Ask yourself regularly, “What am I afraid of? Does it matter? Will it matter in the great scheme of things? Is it worth holding on to?” We have to ask whether it is fear that keeps us from loving. Grace will lead us into such fears and emptiness, and grace alone can fill them, if we are willing to stay in the void. We mustn’t engineer an answer too quickly. We mustn’t get settled too fast. We all want to manufacture an answer to take away our anxiety and settle the dust. To stay in God’s hands, to trust, means that we usually have to let go of our attachments to feelings—which are going to pass away anyway. People of deep faith develop a high tolerance for ambiguity and come to recognize that it is only the small self that needs certitude or perfect order all the time.
Conversing with Your Fear
Author and broadcaster Lisa Colón DeLay understands fear as an emotion to become curious about, converse with, and ultimately befriend. Here she recommends having a conversation with our fears as a part of our inner growth in God. We don’t have to hunt fear with a pitchfork. Fear has something to say. Our fears offer us an invitation to engage with the discomfort of the inner places. Will you give your fear a chance to speak to you?
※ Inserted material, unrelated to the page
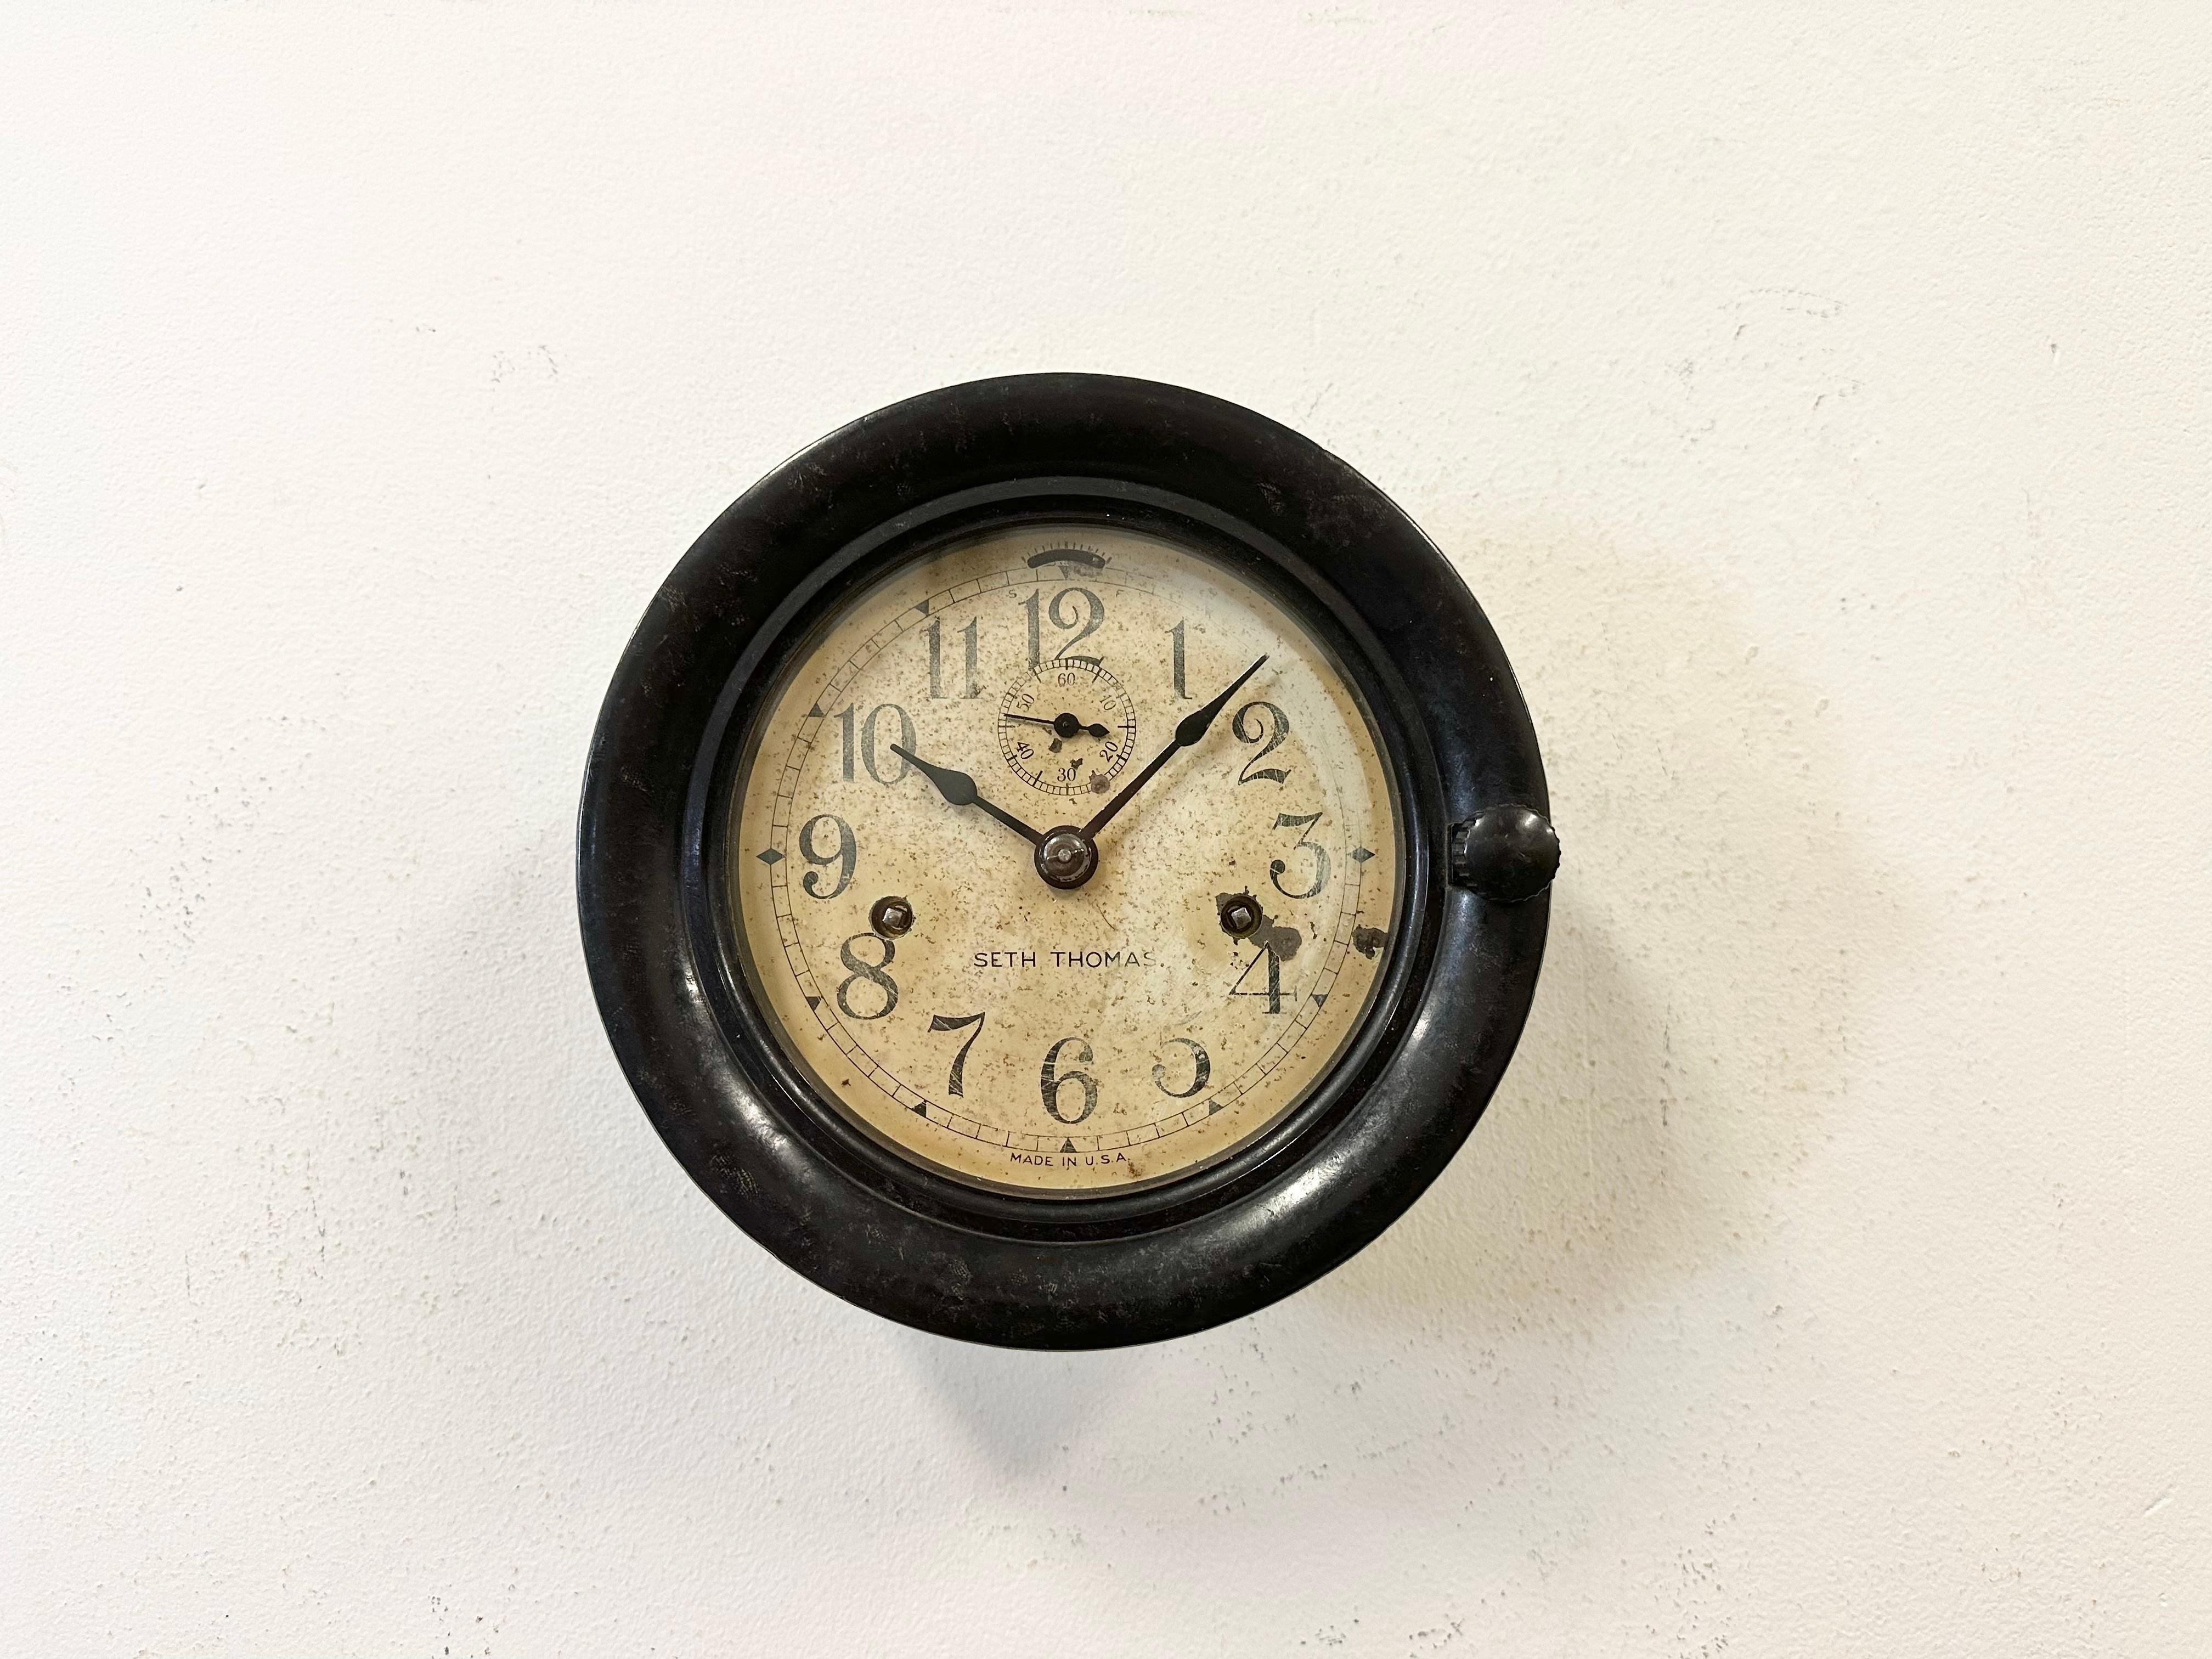 Vintage Bakelit-Wanduhr mit Schiffsaufzug, hergestellt von der Seth Thomas Clock Company in den Vereinigten Staaten in den 1950er Jahren, mit dunkelbraunem Bakelit-Gehäuse und Klarglasabdeckung. Die ursprüngliche mechanische Bewegung funktioniert

When you realize that you are afraid or not doing well, sit down with your fear and have a conversation. Here are three ways to converse with fear: First, when you feel or notice discomfort, pause. Stay paused until you know more. Second, acknowledge what is happening in the moment. Be honest: “This feels bad—negative. What do I feel? Maybe it is fear, but I’m also angry. What else? I feel overlooked.” Third, dig a bit deeper. Ask, What is this trying to show me? or What else might be going on? Give yourself some time, and delve into the fear: “I’m not sure why I’m angry. Now, thinking about it more, it wasn’t such a good day. Three things happened today that made me feel frustrated, inferior, and like I wasn’t being taken seriously.” . . .
Embarrassment or shame will likely put us in a rabbit freeze-or-runaway mode. Denial, anger, and deflection are other unhelpful responses. Instead, let’s encounter the fear or the discomfort with some questions and curiosity. And then, once we’ve noticed something new, we move on.